The original three Vs are a good way to define the concept of Big Data; however, I encourage you to consider three additional extremely important Vs in the implementation of Big Data in your organization–Value, Validity & Vitality. To prevent the situation where a Big Data platform is built but not used, the business value must be understood in advance, the validity of the solution must be sound for business adoption, and finally, the organization must have the vitality to carry through the implementation process. Let’s examine each of these areas more thoroughly.
"The creation of a Big Data platform to ingest, analyze, and produce a custom policy for each customer has the potential to deliver tremendous value when properly supported by the key business areas"

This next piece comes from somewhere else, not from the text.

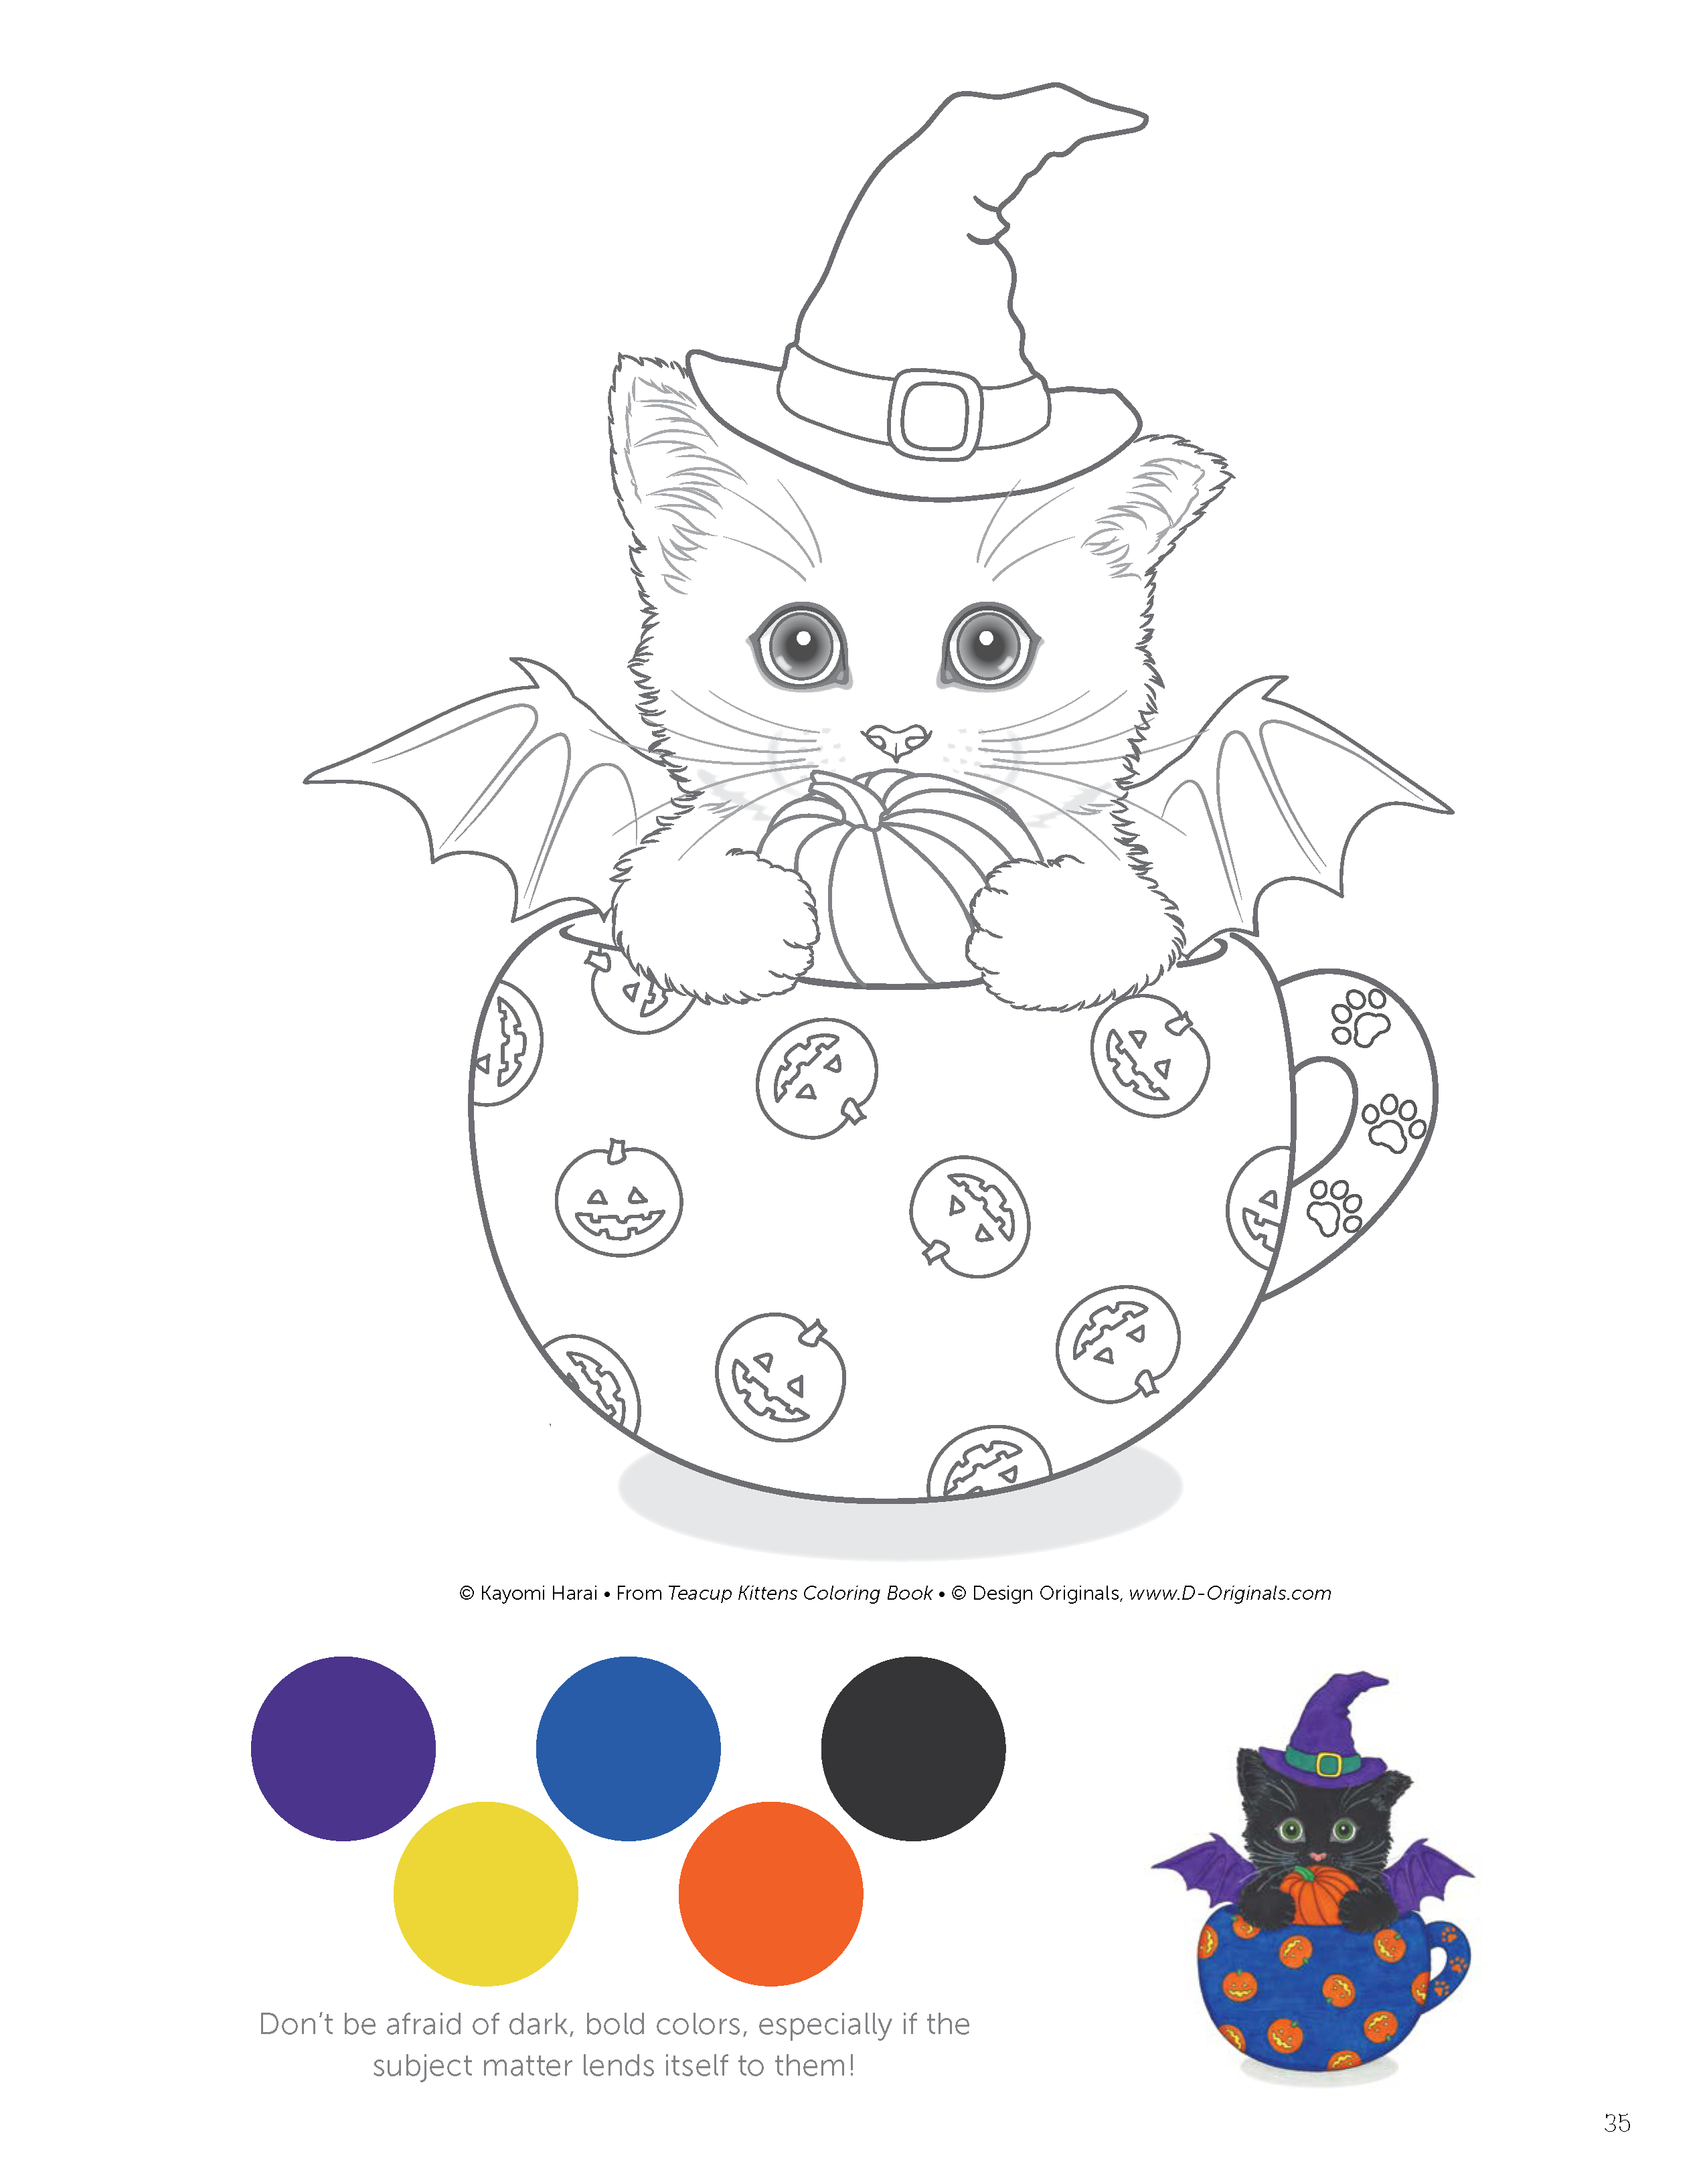 Teacup Kittens Coloring Book (Design Originals) 32 Adorable ...

Recently, I have listened to a number of presentations on Big Data where the key selling point presented was “Our Big Data solution is great since you can load all of your data on low cost commodity servers, with disk storage costing nearly nothing, in any format the source data exists, and figure out how to use it later”. Don’t let the appeal of this approach cause your organization to become the next Field of Dreams casualty. A key success factor in a Big Data journey starts with a clear vision as to how it will deliver business value. For example, it is possible today to capture streaming data from thousands of sensors in vehicles, ranging from braking levels to speeds traveled while in turns. Properly used, this data can allow an insurance company to align the price of a policy to the driving behaviors of the customer. The creation of a Big Data platform to ingest, analyze, and produce a custom policy for each customer has the potential to deliver tremendous value
when properly supported by the key business areas.

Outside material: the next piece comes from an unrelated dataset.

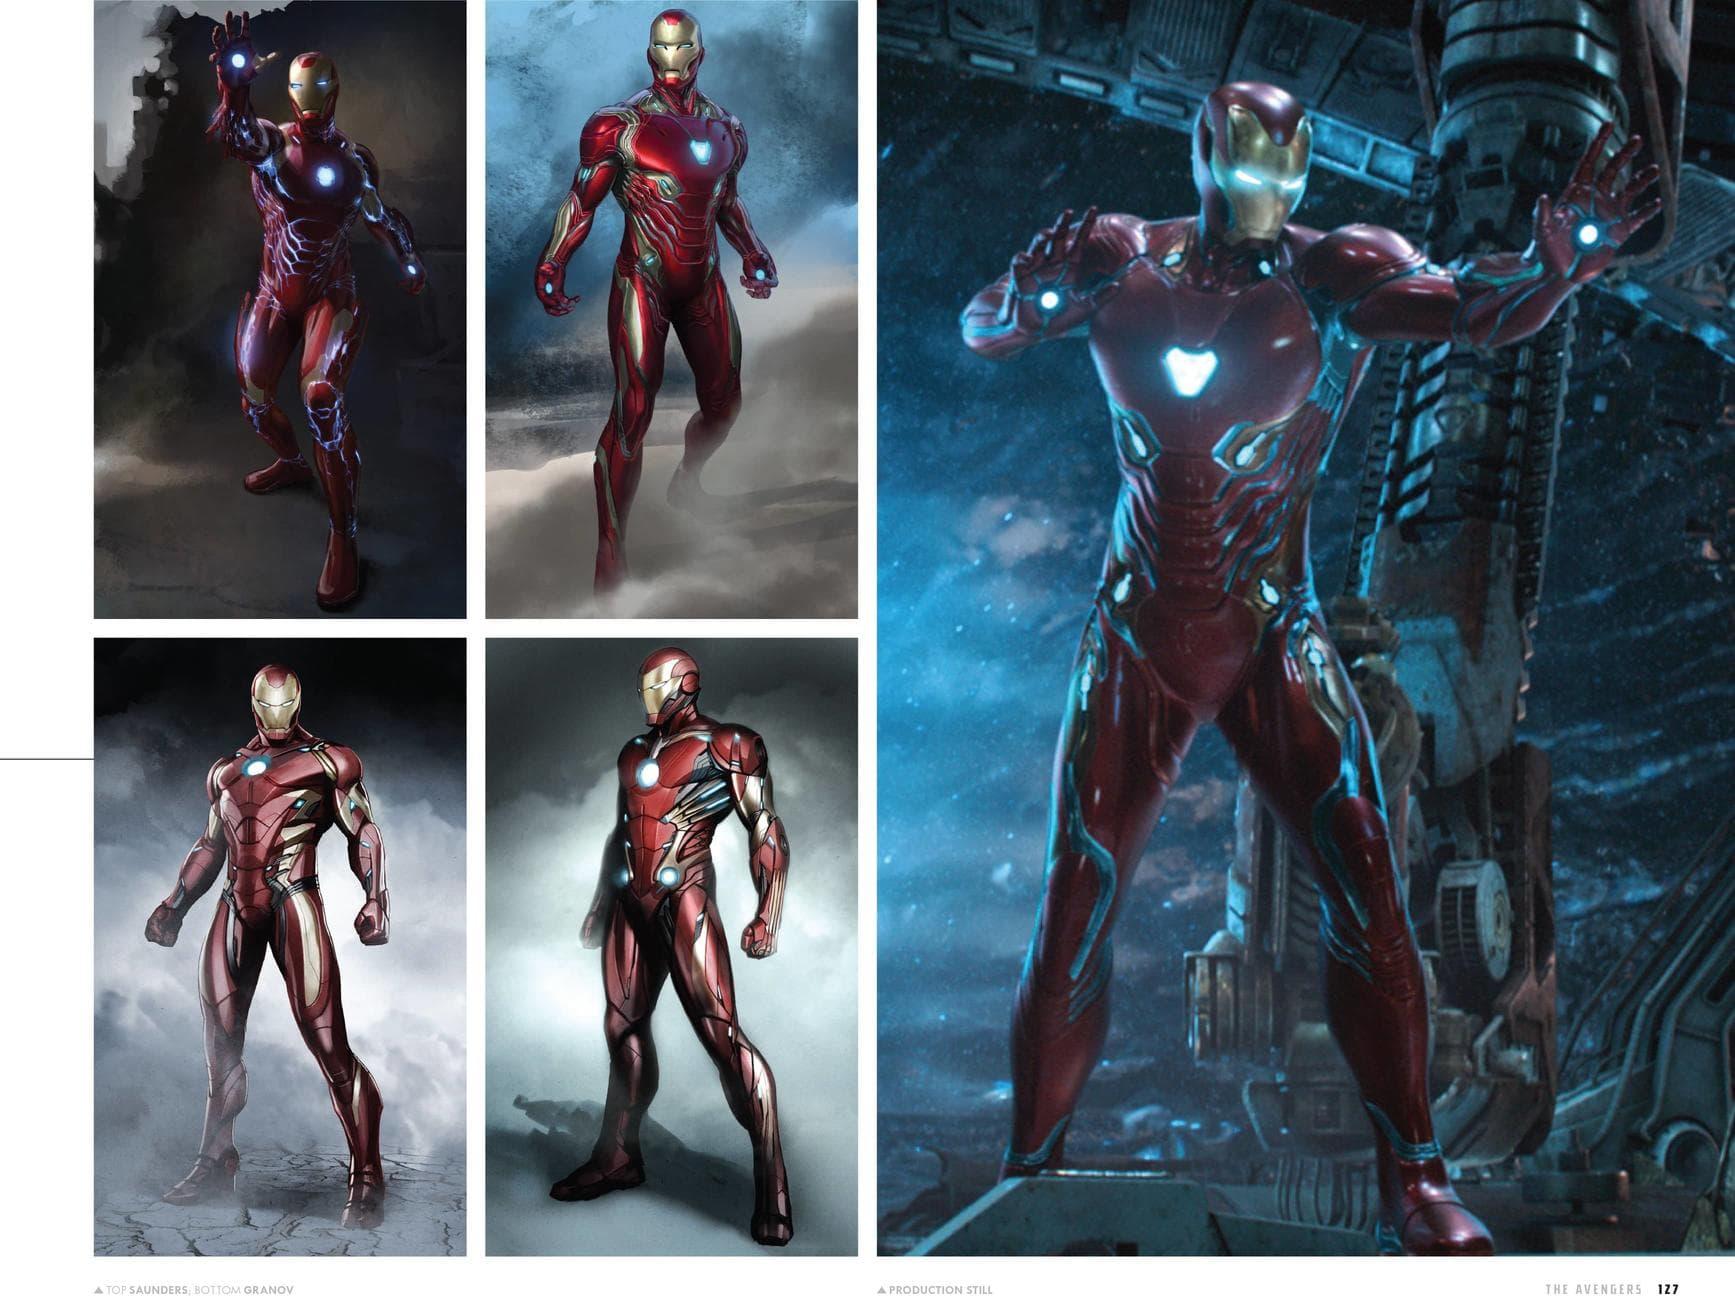 Road to Avengers: Endgame

My next suggested focus area is the validity of the solution. Technically, a properly configured Big Data platform can easily handle the streaming sensor data from nearly an unlimited number of vehicles. As a result, the solution can be created and it has the potential to drive significant business value, but is it valid? Before the insurance company in our example heads down the path of implementing this type of solution, several areas must be explored. Is it legal to price an auto policy based on he driving patterns of an individual versus a group within the state where the insurance company operates? Does the business area responsible for pricing have the ability to set and administer prices at this level and pace? With the increasing consumer focus on privacy, will customers agree to this level of
monitoring in exchange for more targeted pricing? Validity may become more interesting and important once an initial solution is operational. With driving
patterns for a large number of customers captured, other potential business value areas may be identified. For example, would it be valid for the insurance company to sell the location and behavior data insights to other companies for use in location based marketing? The business must address questions such as these, which go beyond the technical feasibility of the Big Data solution.

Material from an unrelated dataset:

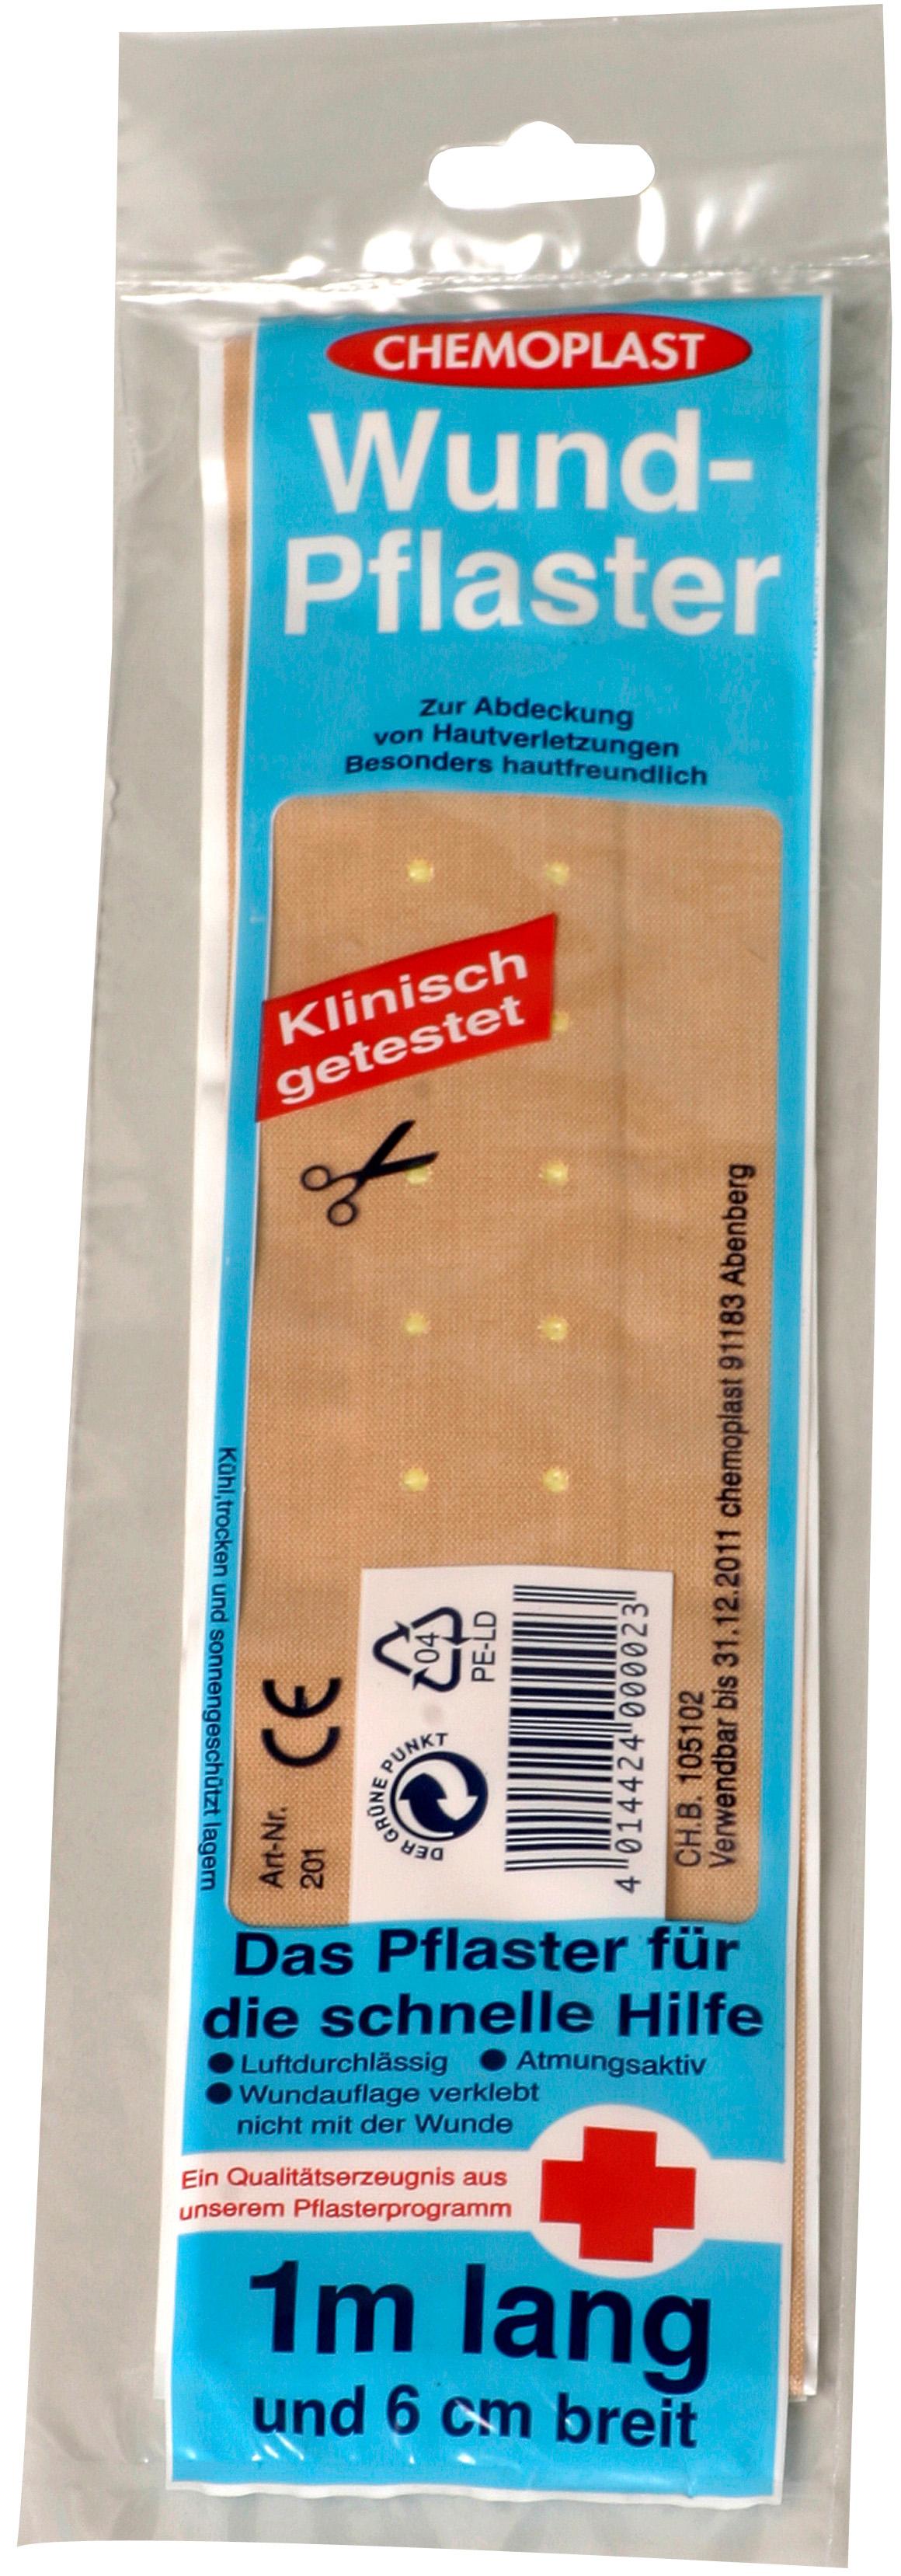 01794 - Wundpflaster 1 m x 6 cm

Finally, an organization must determine if it has the vitality to implement the solution. The implementation of the first Big Data solution within an organization will
be difficult. Success will depend on the selection of strong partners, cross training existing resources, and potentially adding new resources. Currently, the availability of skilled Big Data resources is presenting a challenge.
The level of maturity of the software and applications in the Big Data area is rapidly improving, but it is still much lower than standard data and application development solutions. Big Data solutions in some respects are similar to electric cars. The electric car has tremendous energy efficiency, very high torque, and fast acceleration, but is still experiencing pain points such as limited charging stations, high battery costs, and concerns over driving distances. Big Data platforms, such as Hadoop, have shown the ability to support massive data volumes, with structured and unstructured modules that can address a multitude of data. However, like the electric car, the platform is experiencing pain points such as limited available resources, emerging development tools, and concerns about integration with the existing environment.
As you begin your Big Data journey leverage Volume, Velocity, and Variety to drive a better understanding around the potential, but do not forget Value, Validity, and Vitality as it relates to successful execution.